• Dataset excerpt:
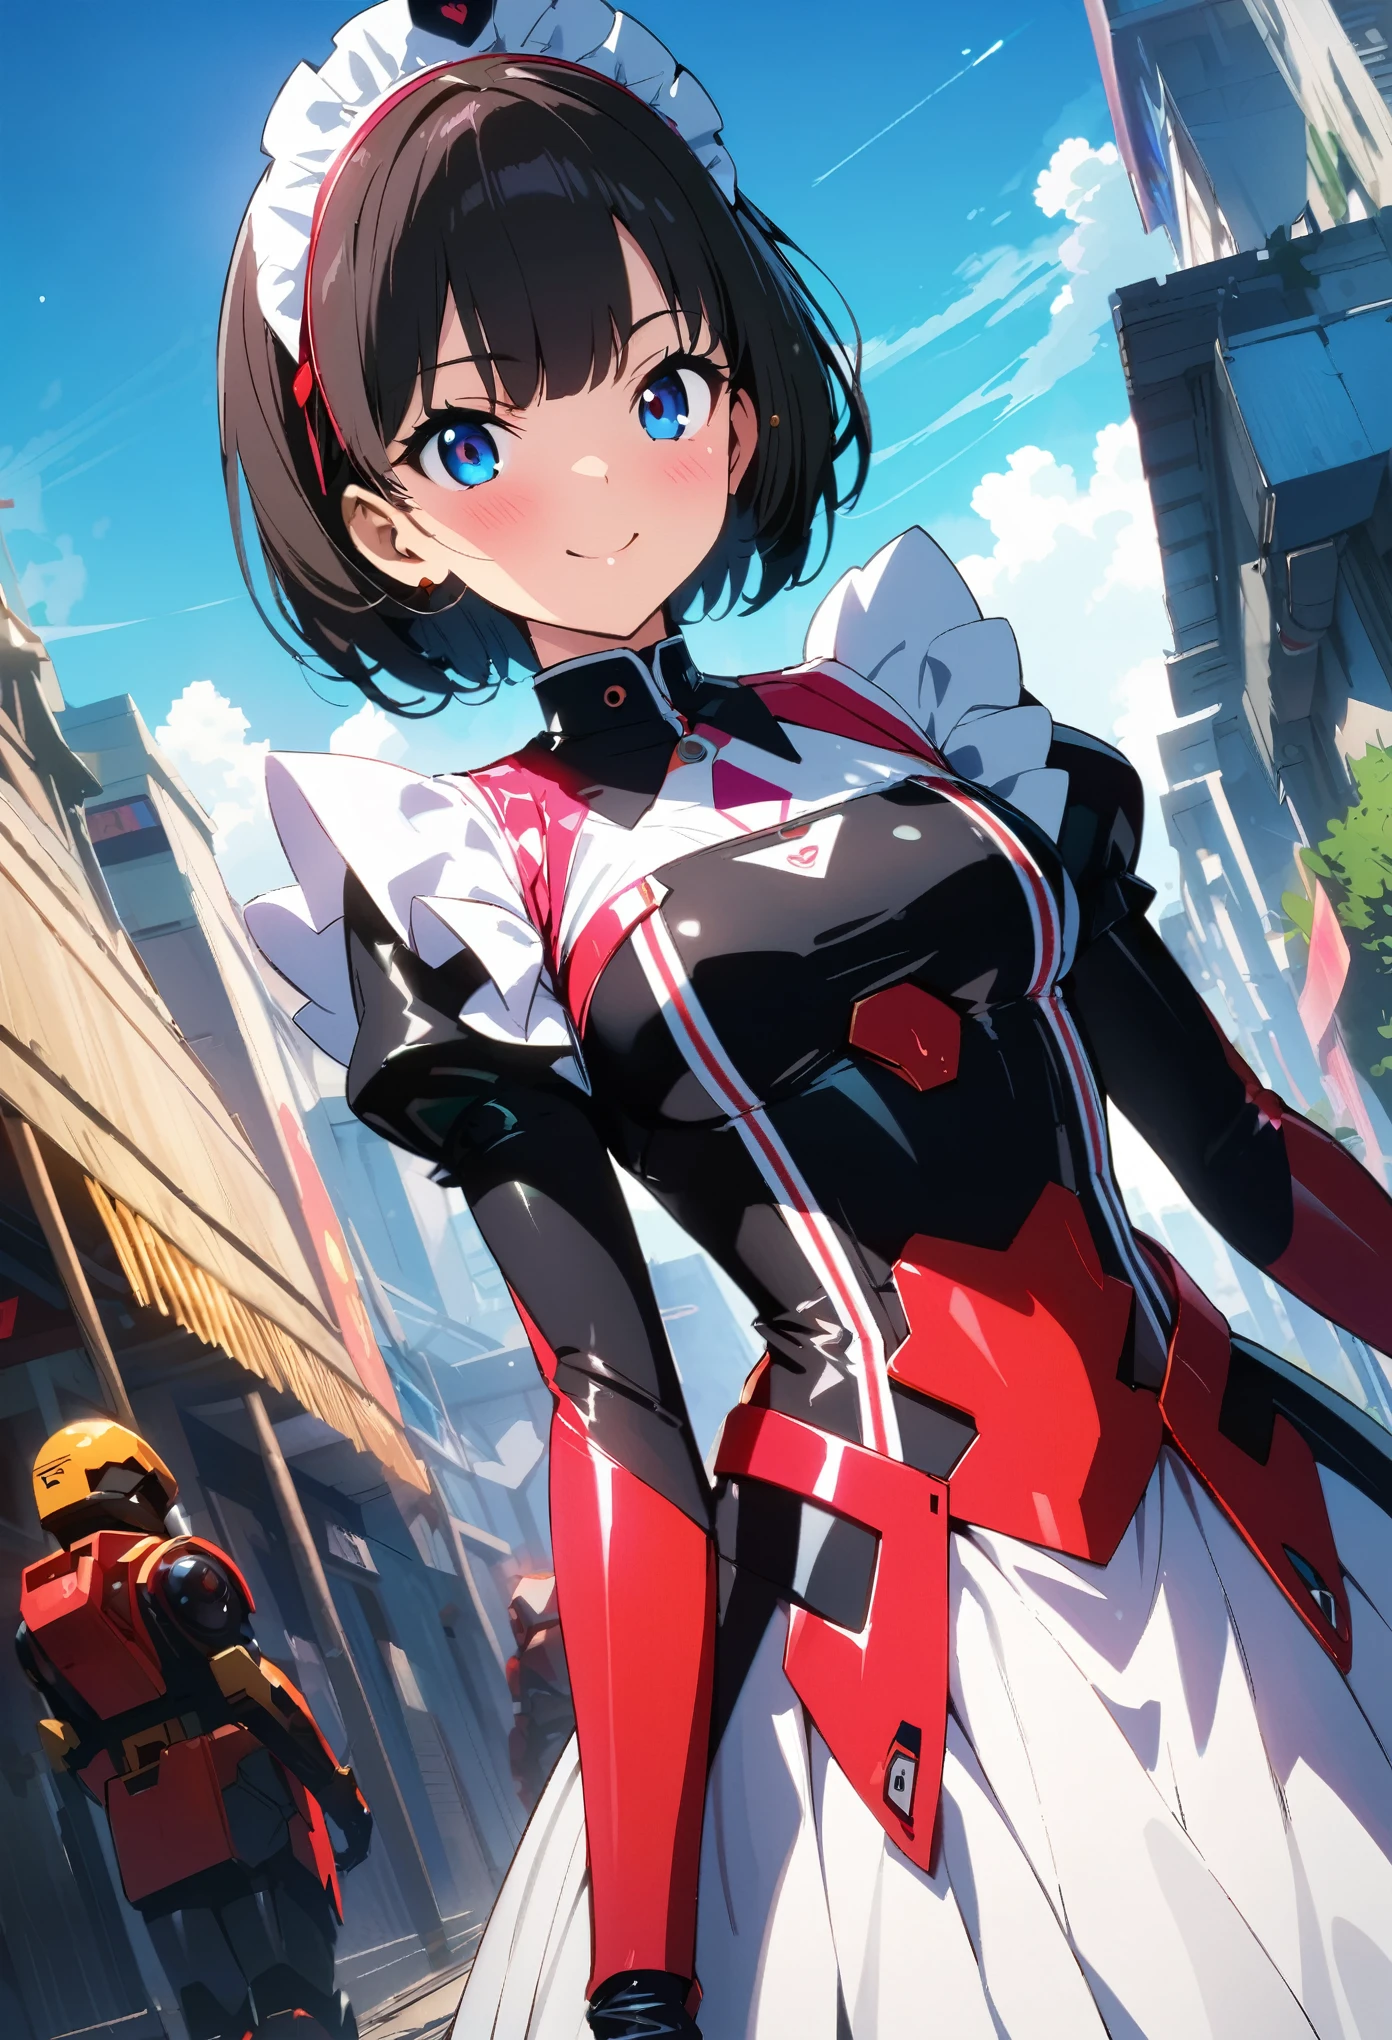 (highest quality:1.2, 4K, 8k, Studio Anime, Very detailed, up to date, Vibrant, High detail, High Contrast, masterpiece:1.2, highest quality, Best aesthetics), (((1 girl))), Stand and pose, Maid, Maid服, Cyber Suit:1.2, サイバーパンクMaid服:1.4, Bodysuits, Headdress, Frills, Mecha Dress Suit, Blushing:1.2, smile, Dynamic Angle, Dutch Angle:1.3, Friendly atmosphere, Put your hands up, Fun and young々Shii々Cool vibe, Precision and focus, Striking contrast,
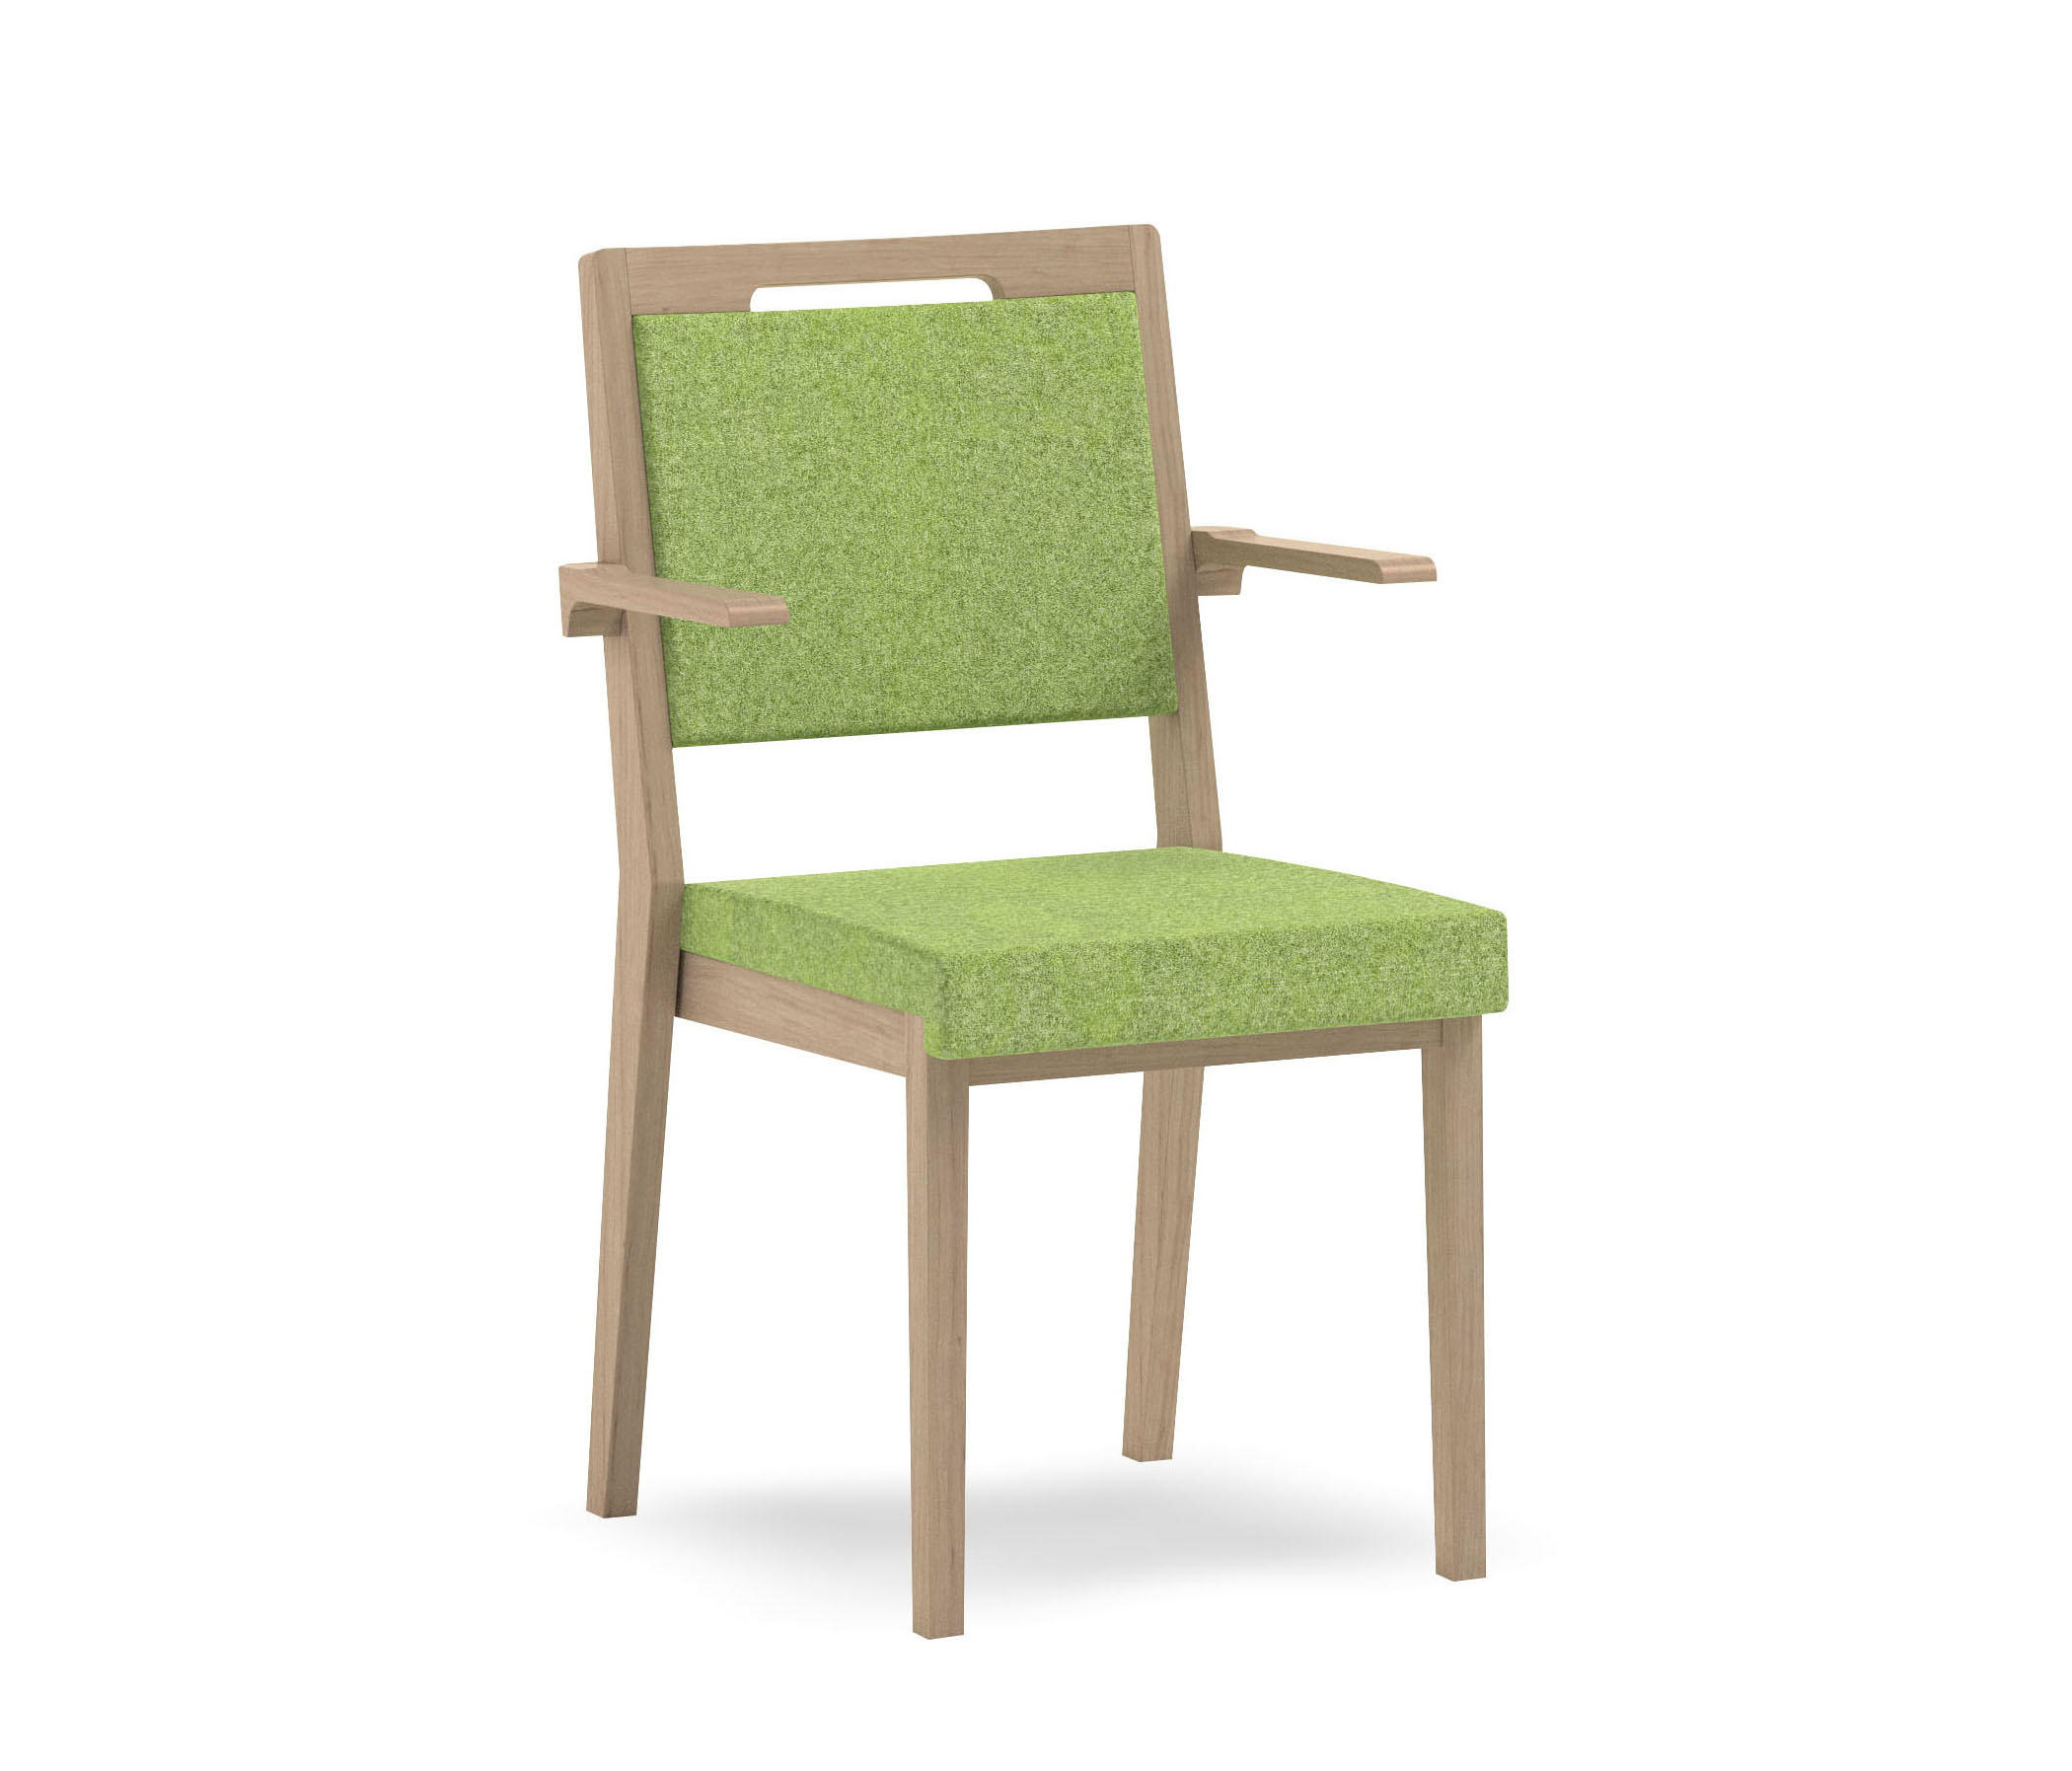 SWING_32-11/T6 - Chairs from Piaval | Architonic
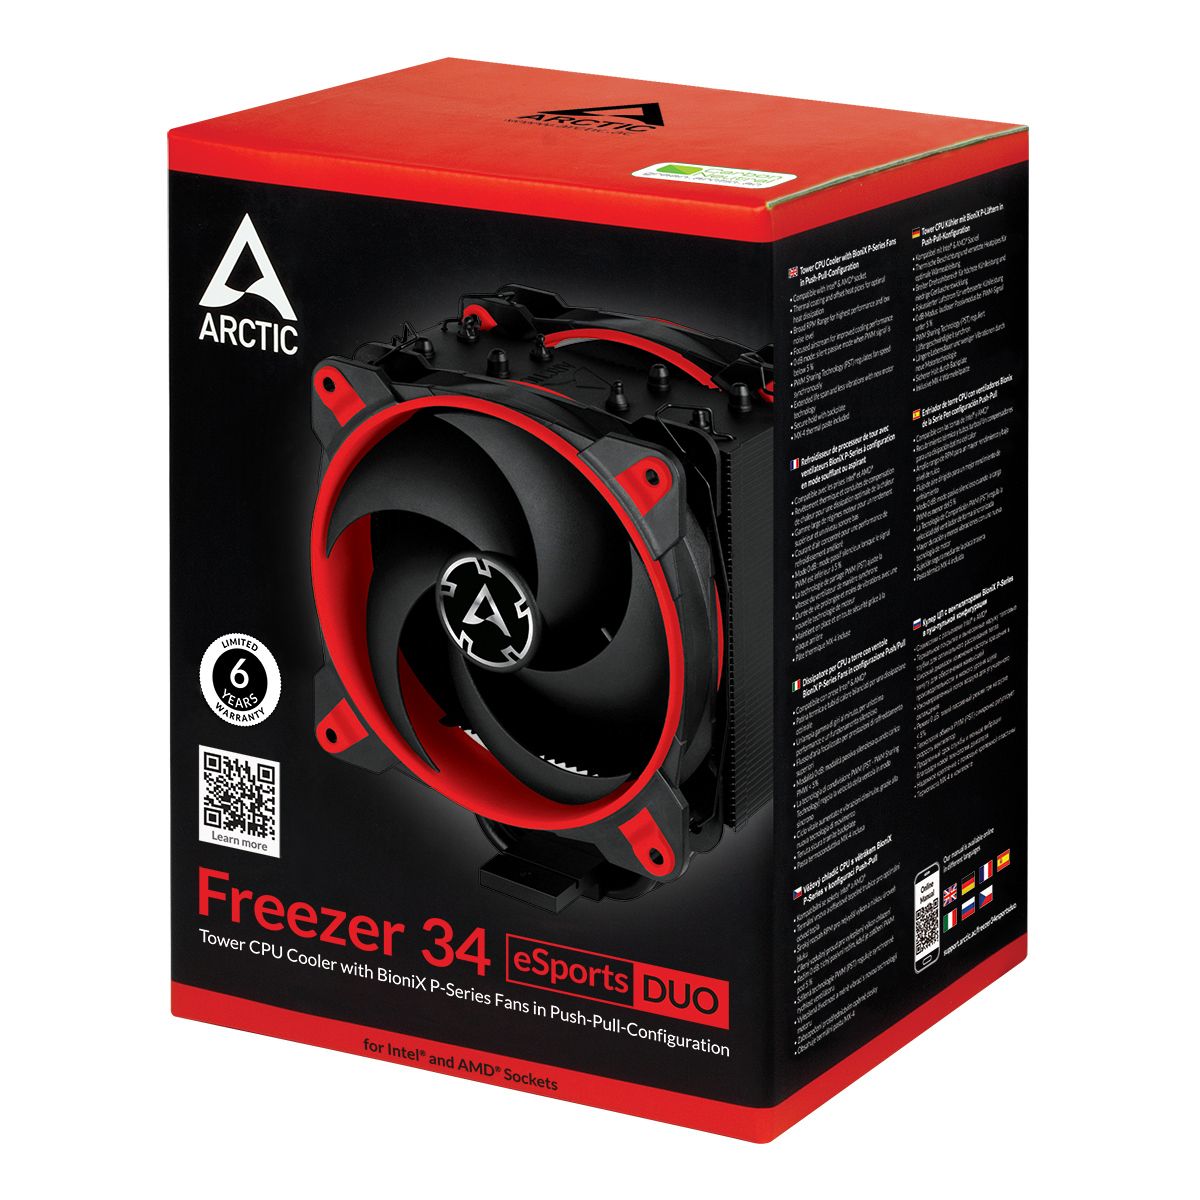 Tower CPU Cooler with Push-Pull Configuration ARCTIC Freezer 34 eSports DUO (Red) Packaging Front View
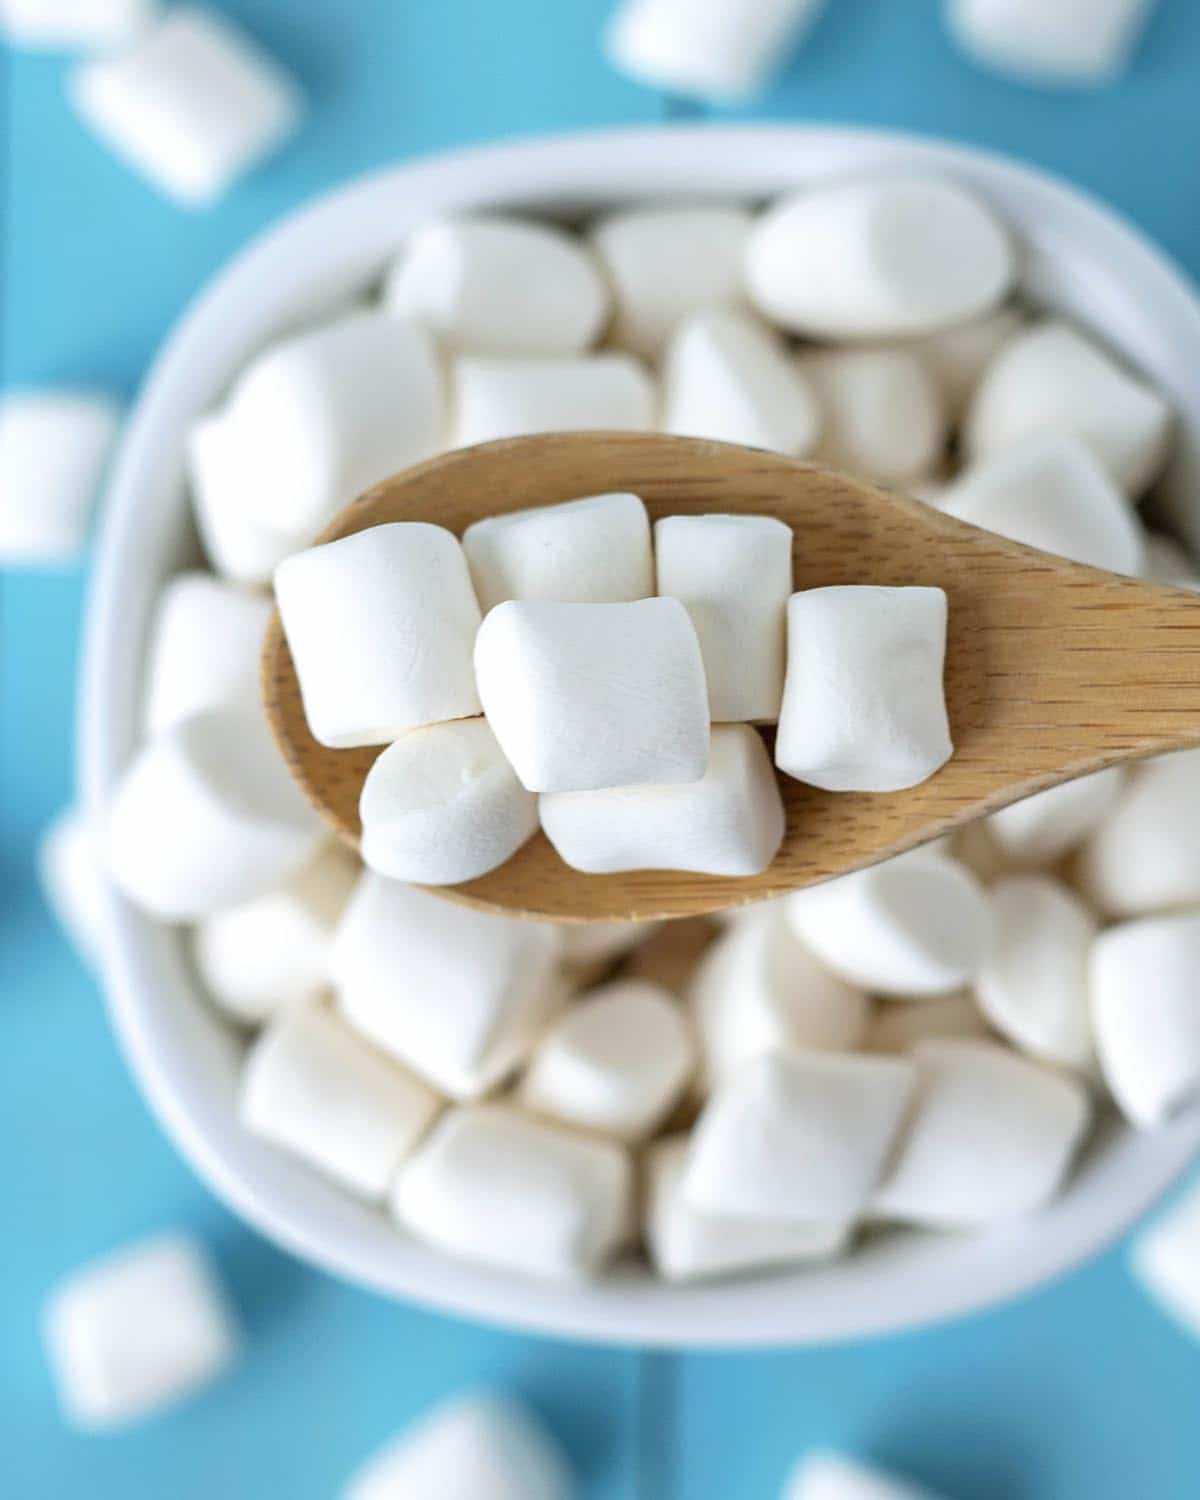 A small wood spoon full of vegan marshmallows being held over a bowl.

• Exercise objective:
Output the data above exactly, excluding images.

• Reply to the exercise:
 (highest quality:1.2, 4K, 8k, Studio Anime, Very detailed, up to date, Vibrant, High detail, High Contrast, masterpiece:1.2, highest quality, Best aesthetics), (((1 girl))), Stand and pose, Maid, Maid服, Cyber Suit:1.2, サイバーパンクMaid服:1.4, Bodysuits, Headdress, Frills, Mecha Dress Suit, Blushing:1.2, smile, Dynamic Angle, Dutch Angle:1.3, Friendly atmosphere, Put your hands up, Fun and young々Shii々Cool vibe, Precision and focus, Striking contrast,
 SWING_32-11/T6 - Chairs from Piaval | Architonic
 Tower CPU Cooler with Push-Pull Configuration ARCTIC Freezer 34 eSports DUO (Red) Packaging Front View
 A small wood spoon full of vegan marshmallows being held over a bowl.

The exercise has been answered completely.